- [TASK DATA]:
========================

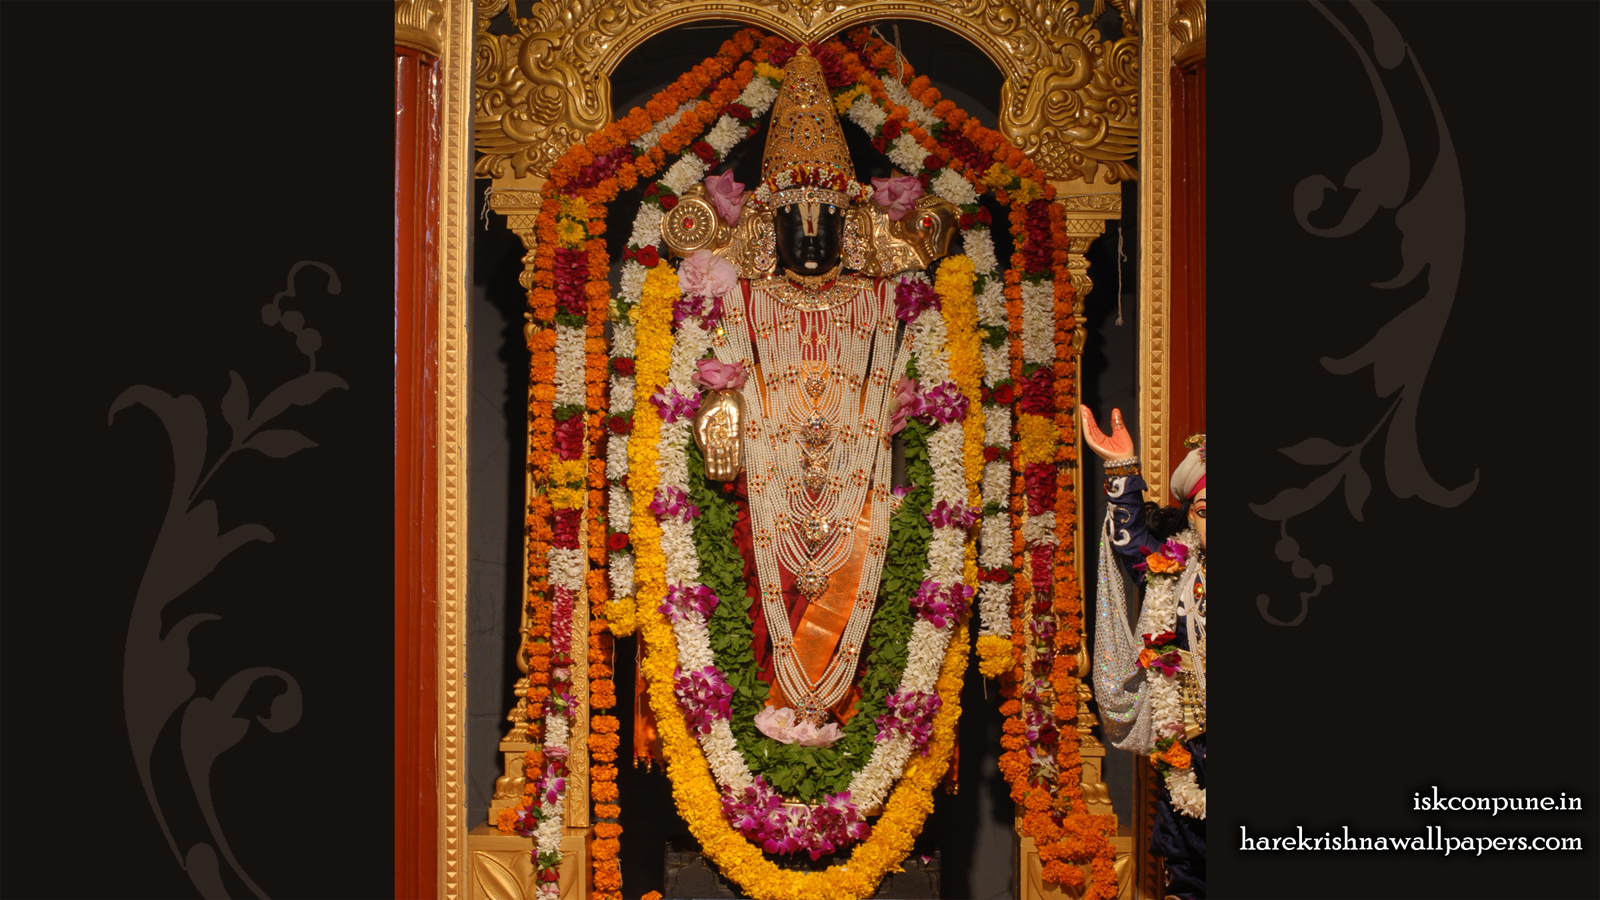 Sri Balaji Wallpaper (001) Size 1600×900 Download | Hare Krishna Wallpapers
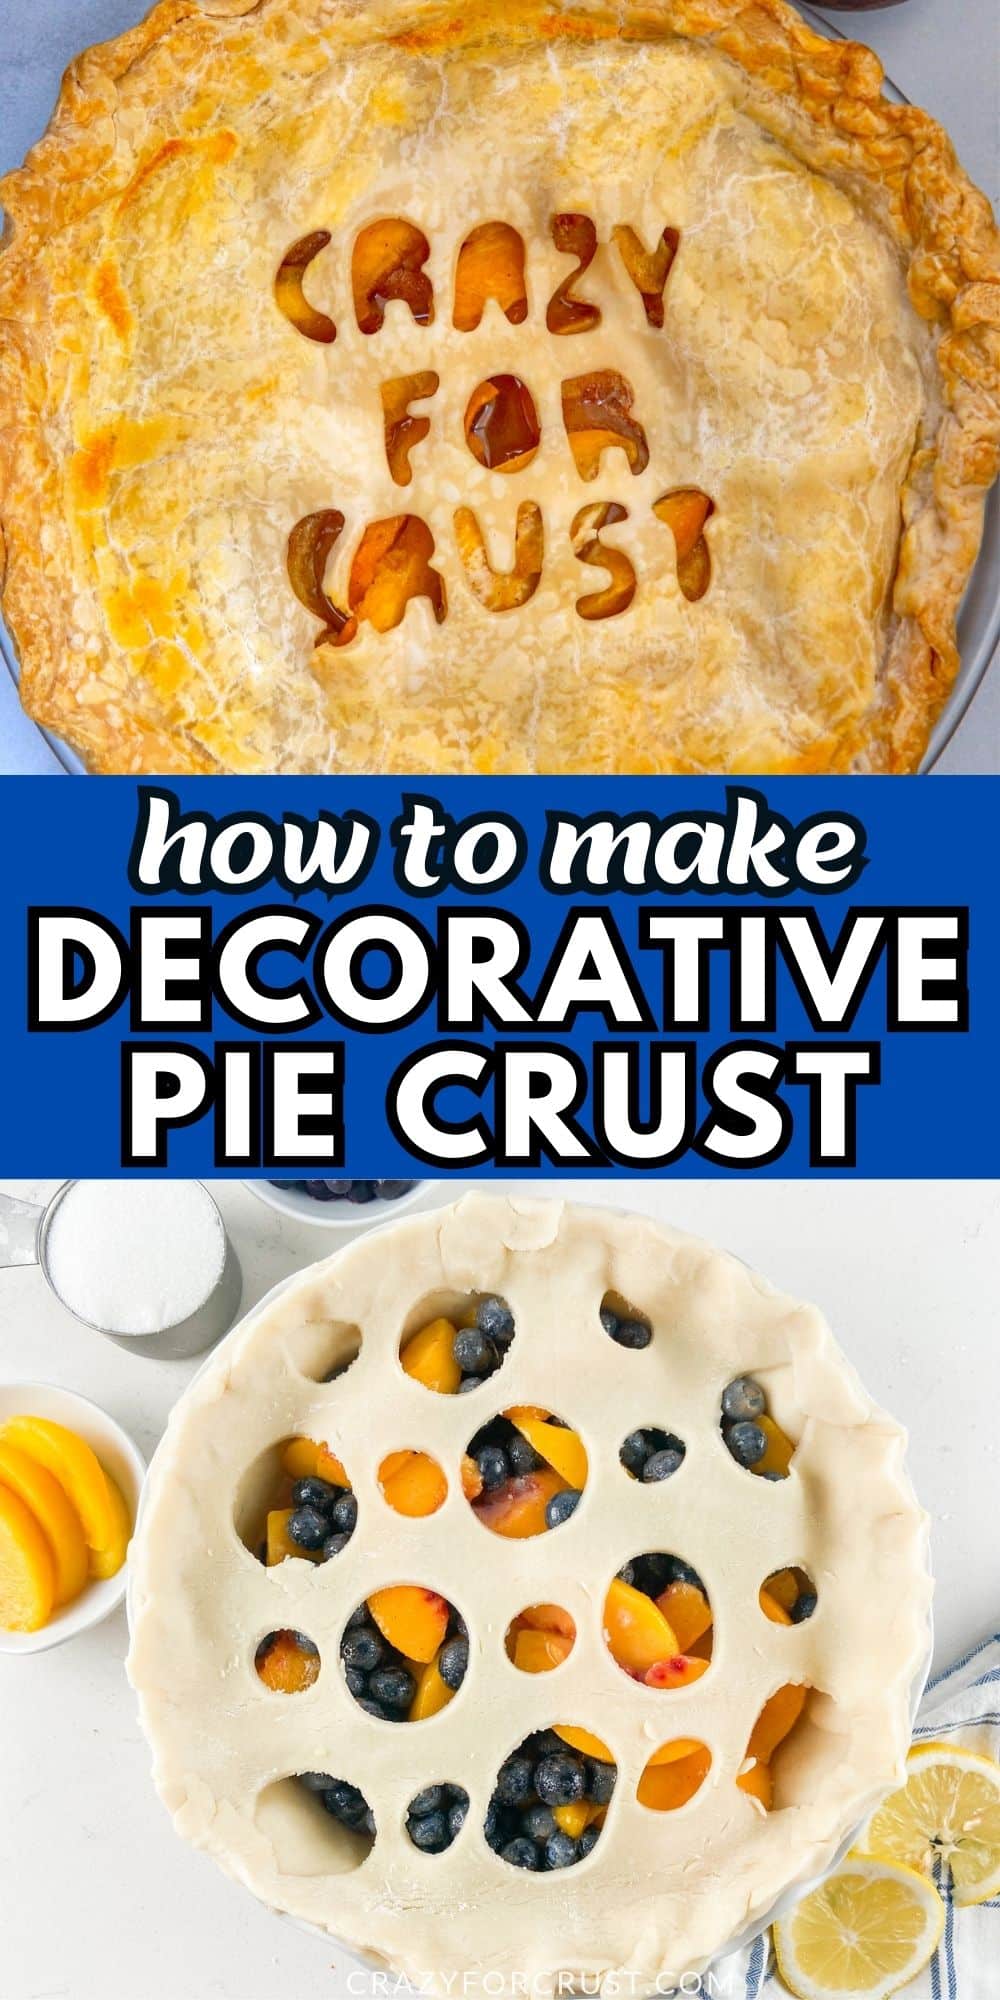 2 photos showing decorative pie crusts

========================

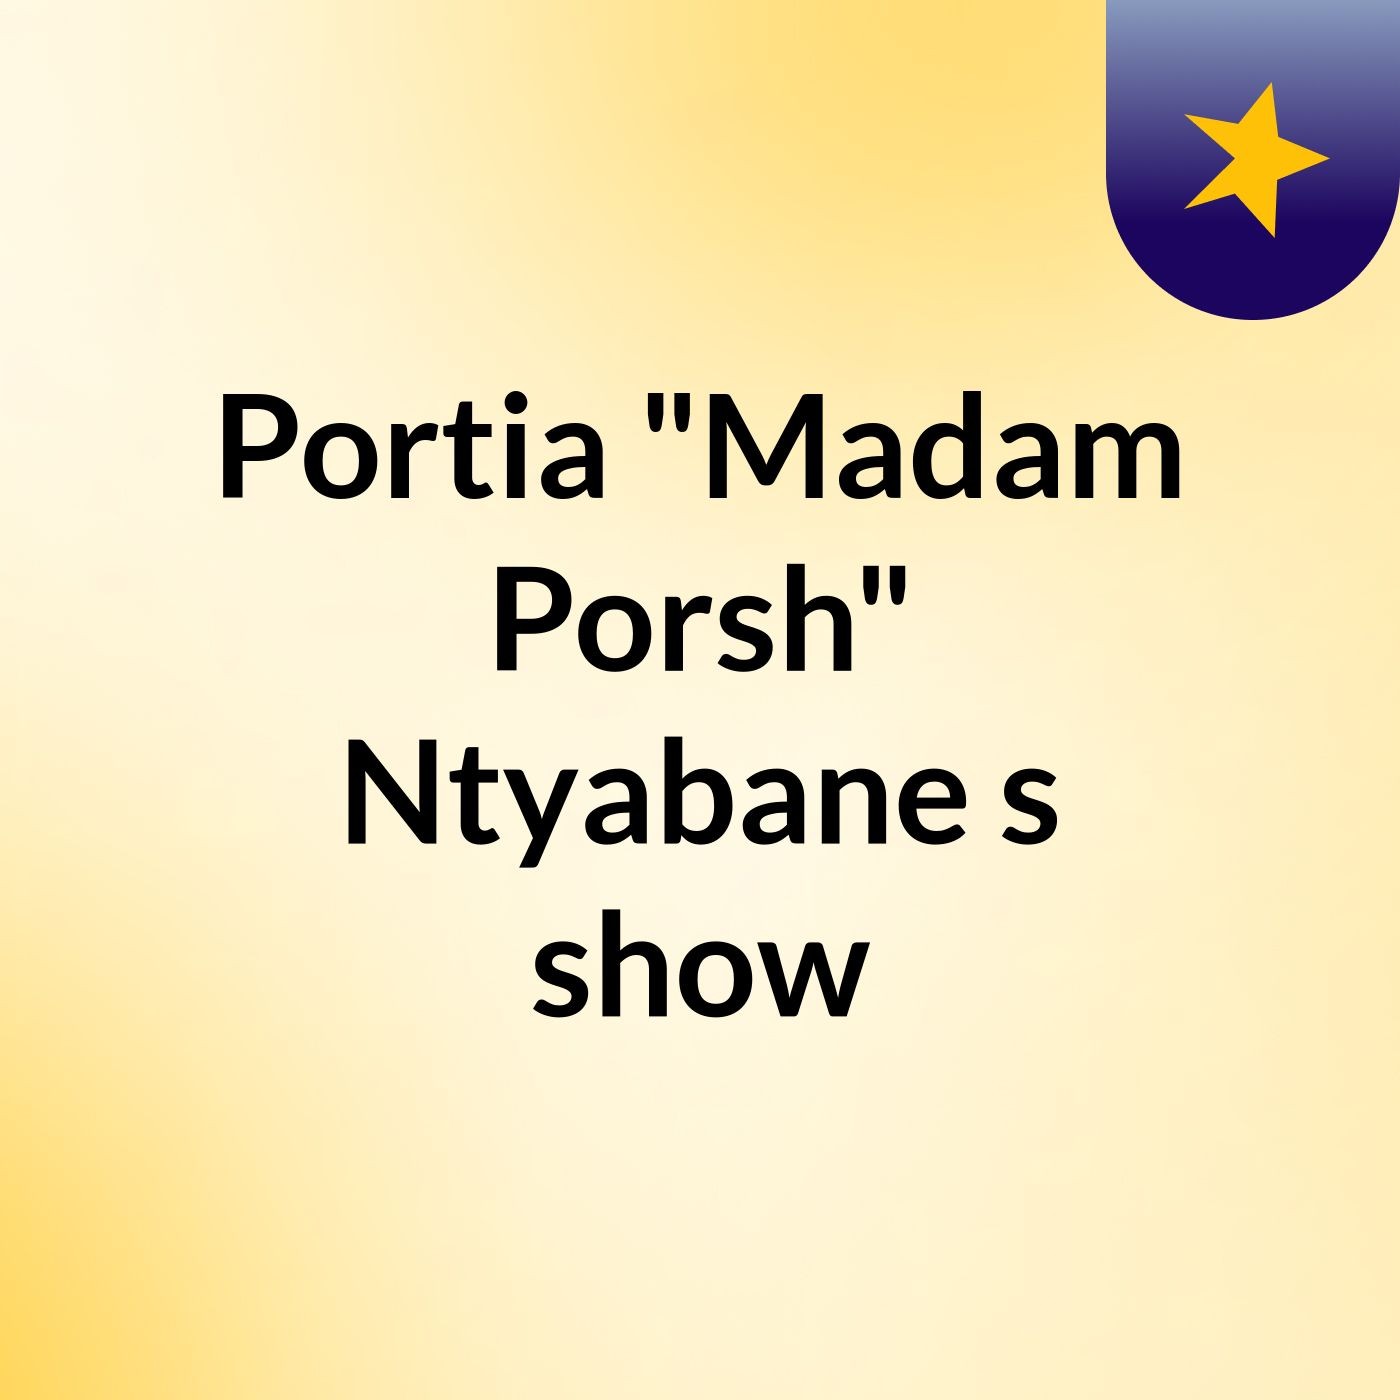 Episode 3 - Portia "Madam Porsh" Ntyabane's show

========================

Working from the data above, repeat exactly, and only, the lines that begin at the line containing "Sri Balaji Wallpaper" and stop after the line containing "2 photos showing decorative pie crusts"; pictures are not copied.

 Sri Balaji Wallpaper (001) Size 1600×900 Download | Hare Krishna Wallpapers
 2 photos showing decorative pie crusts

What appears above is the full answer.